In a recent experiment using Intel's Gen5 BNC storage server with Solidigm D7-PS1010 and D5-P5336 SSDs, Alluxio demonstrated its capabilities for fast data ingestion and read performance, especially with GPU scaling. Notable results include:

• Cache Load Efficiency: The Alluxio cache engine effectively saturated the maximum read bandwidth of UFS QLC storage while writing to PCIe 5.0 TLC SSDs.
• Fuse Read Test: Alluxio’s Filesystem in Userspace (FUSE) framework nearly saturated a single PCIe 5.0 SSD’s read bandwidth, demonstrating minimal overhead when handling cache hits on NVMe SSDs.

We set up a single-node test for quick deployment to showcase the power of the Alluxio storage engine. It's important to note that Alluxio's greatest strength lies in its ability to leverage a host-side distributed replicated cache, which scales with GPUs and significantly reduces north-south storage bandwidth overhead. Even in single-node setups, Alluxio demonstrates exceptional efficiency, especially when paired with high-performance NVMe SSDs. For this test, we configured the cache with either PCIe 5.0 TLC or PCIe 4.0 QLC, while the underlying file store (UFS) used PCIe 4.0 QLC.

Key takeaways

1. The Alluxio cache load engine is highly efficient, capable of saturating the maximum read bandwidth of UFS QLC and ingesting data into PCIe 5.0 TLC cache SSDs. Even if the UFS supports a read bandwidth of 10GB/s, Alluxio can easily saturate the 9.3GB/s write bandwidth of the Solidigm D7-PS1010.

2. Alluxio’s page cache storage engine, built on the XFS journal file system, has been rigorously tested using the Solidigm Alluxio FIO emulator for longevity. The results show that, regardless of whether TLC or QLC SSDs are used, Alluxio achieves a WAF of 1.02. This near-ideal WAF of 1 maximizes SSD performance and endurance, delivering optimal results to end users.

The FUSE read overhead is minimal. When performing a FUSE read with a 100% cache hit on the SSD cache and bypassing the DRAM page cache, the FUSE framework can nearly saturate the read bandwidth of a single PCIe 5.0 SSD, reaching 14.8GB/s.
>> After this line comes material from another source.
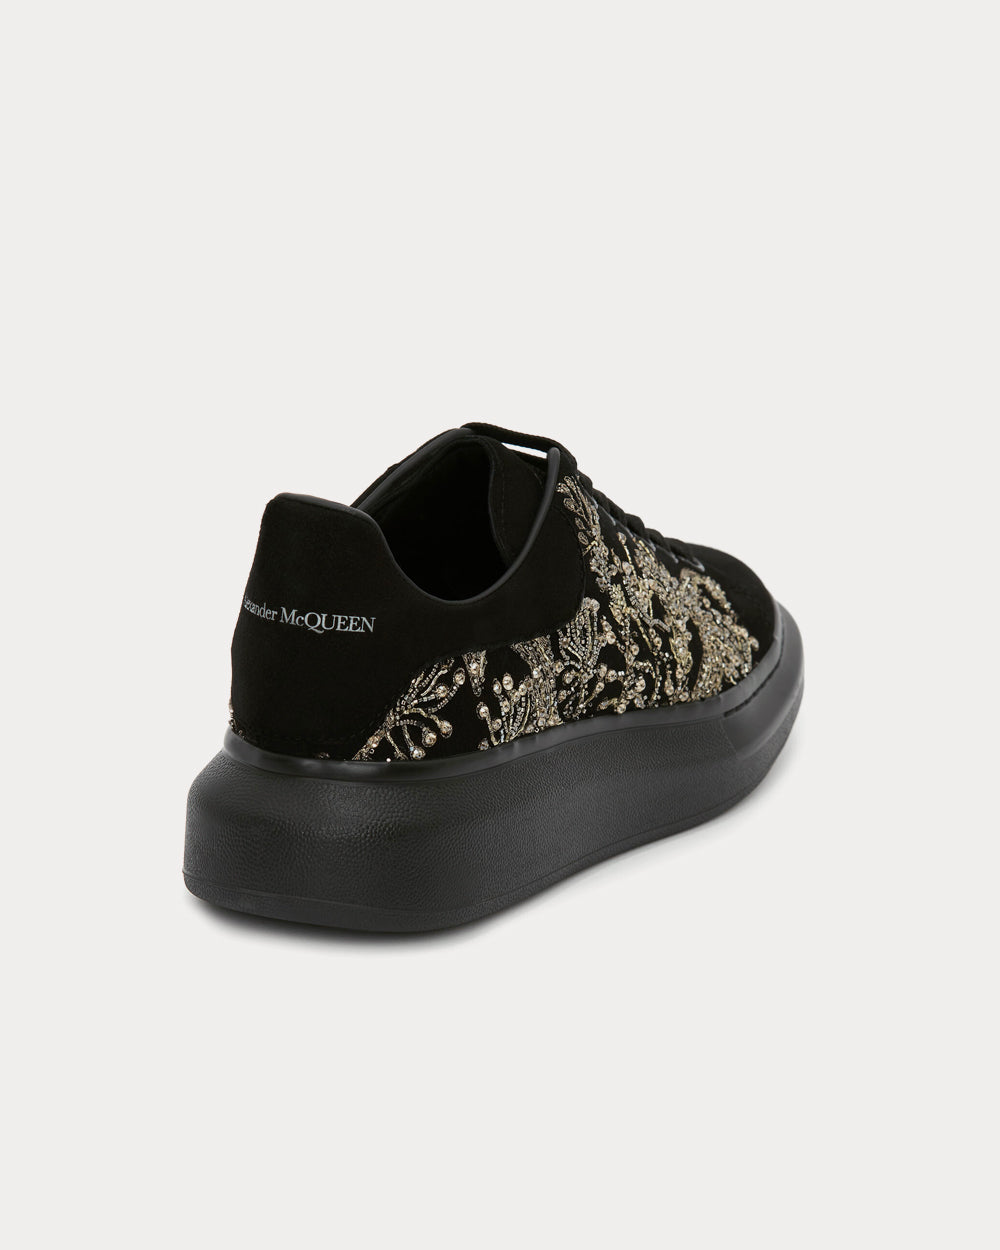 Alexander McQueen - Oversized Black / Silver Low Top Sneakers
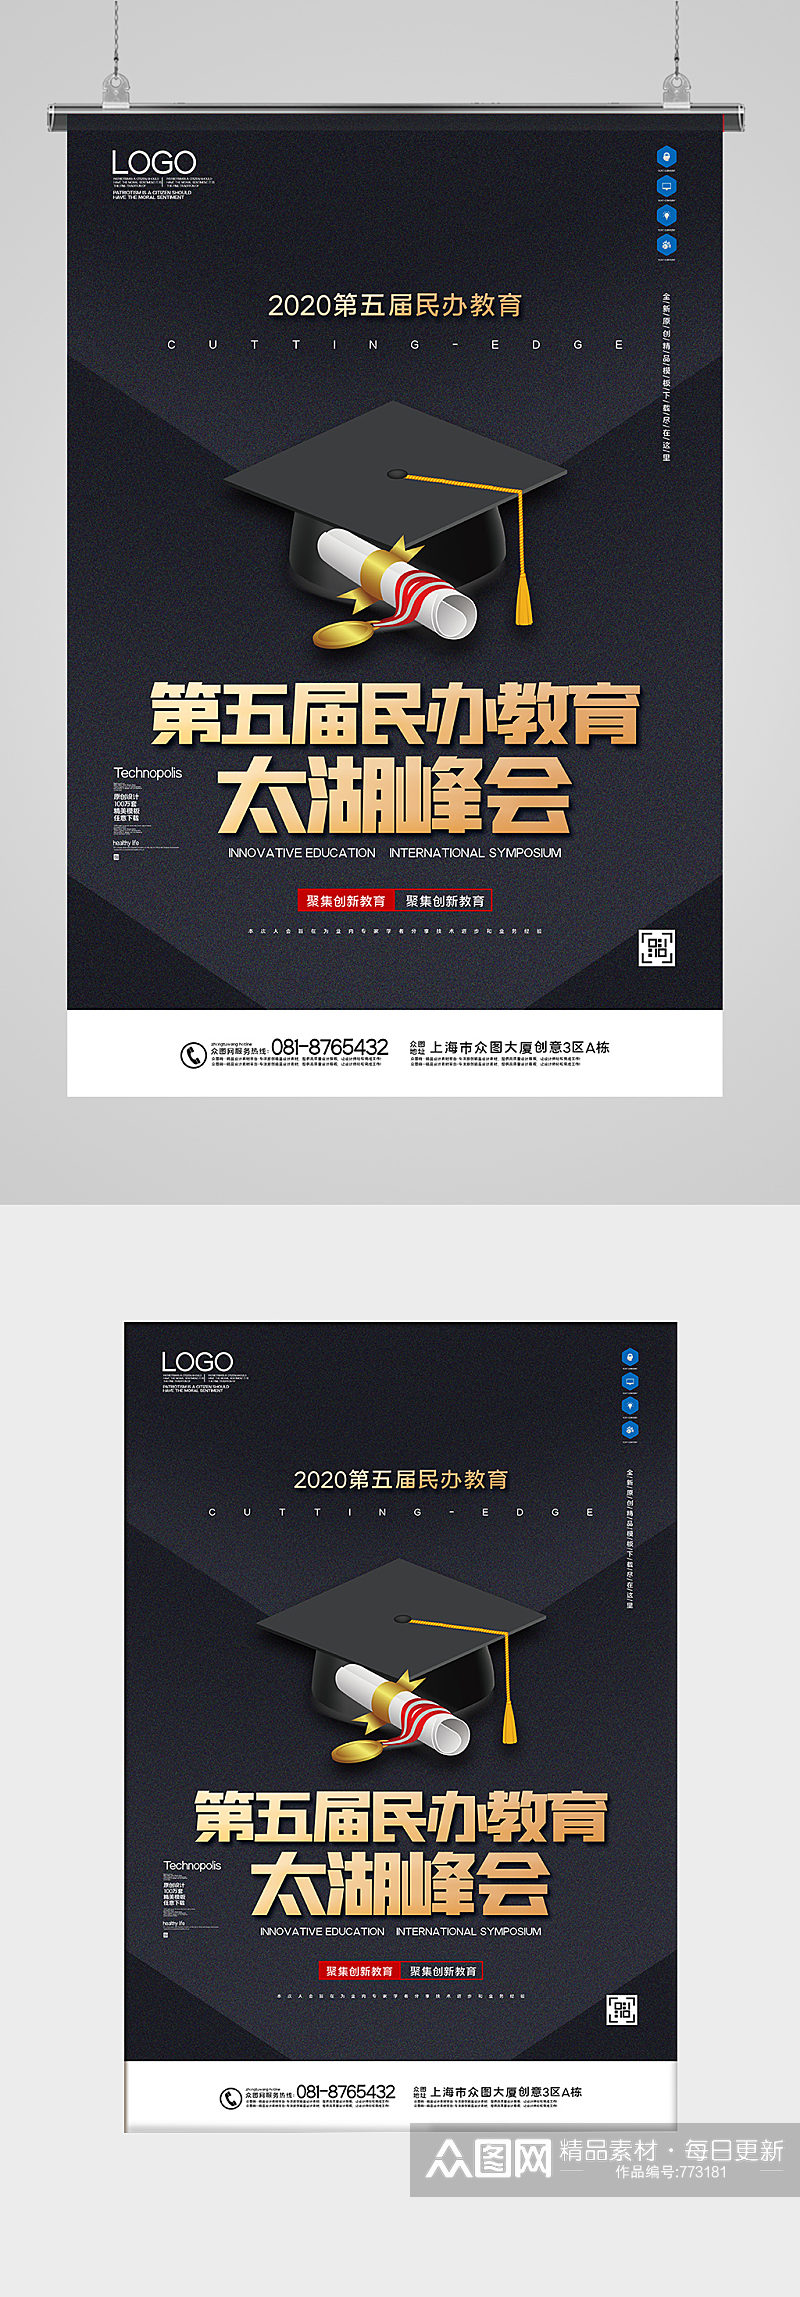 第五届民办教育太湖峰会宣传海报设计素材

For customers seeking high-density cache solutions, Solidigm’s 61.44TB QLC SSD is an ideal option. Alluxio’s storage engine is highly WAF-friendly, excelling as a read-heavy cache with minimal writes, making QLC a perfect match for its read cache path. Thanks to Alluxio's efficient design, we can estimate the endurance of a QLC cache device based on a sequential write PBW of 213PB, which means Solidigm supports writing up to 213 petabytes of data. With 50% utilization over a 5-year period, which is a high threshold, QLC still supports a write bandwidth of 2900 MB/s, nearly reaching its maximum. Additionally, QLC provides up to 6GB/s random read bandwidth per SSD, enabling the creation of a highly cost-efficient Alluxio AI cache system.

How Solidigm SSDs provide the right storage for Alluxio

For read cache, the Solidigm D5-P5336 61.44TB QLC SSD offers exceptional performance and scalability. For checkpoint writes, the PCIe 5.0 Solidigm D7-PS1010 delivers world-class write performance.

Xuan Du, VP of Engineering at Alluxio says, “We collaborated closely with the Solidigm team to validate the performance benefits of running Alluxio’s distributed caching technology with Solidigm SSD and NVMe drives for AI model training workloads. Through our collaboration, we were able to further optimize Alluxio to maximize I/O throughput for large-scale AI workloads leveraging Solidigm drives.” 

   Xuan Du
   Vice President of Engineering at Alluxio

The Alluxio and Solidigm collaboration has yielded results showing that both Solidigm TLC and QLC SSDs significantly enhance Alluxio’s services while reducing operational costs. Solidigm also raises the bar in quality and reliability, supported by a dedicated customer care team that has provided excellent support for Alluxio.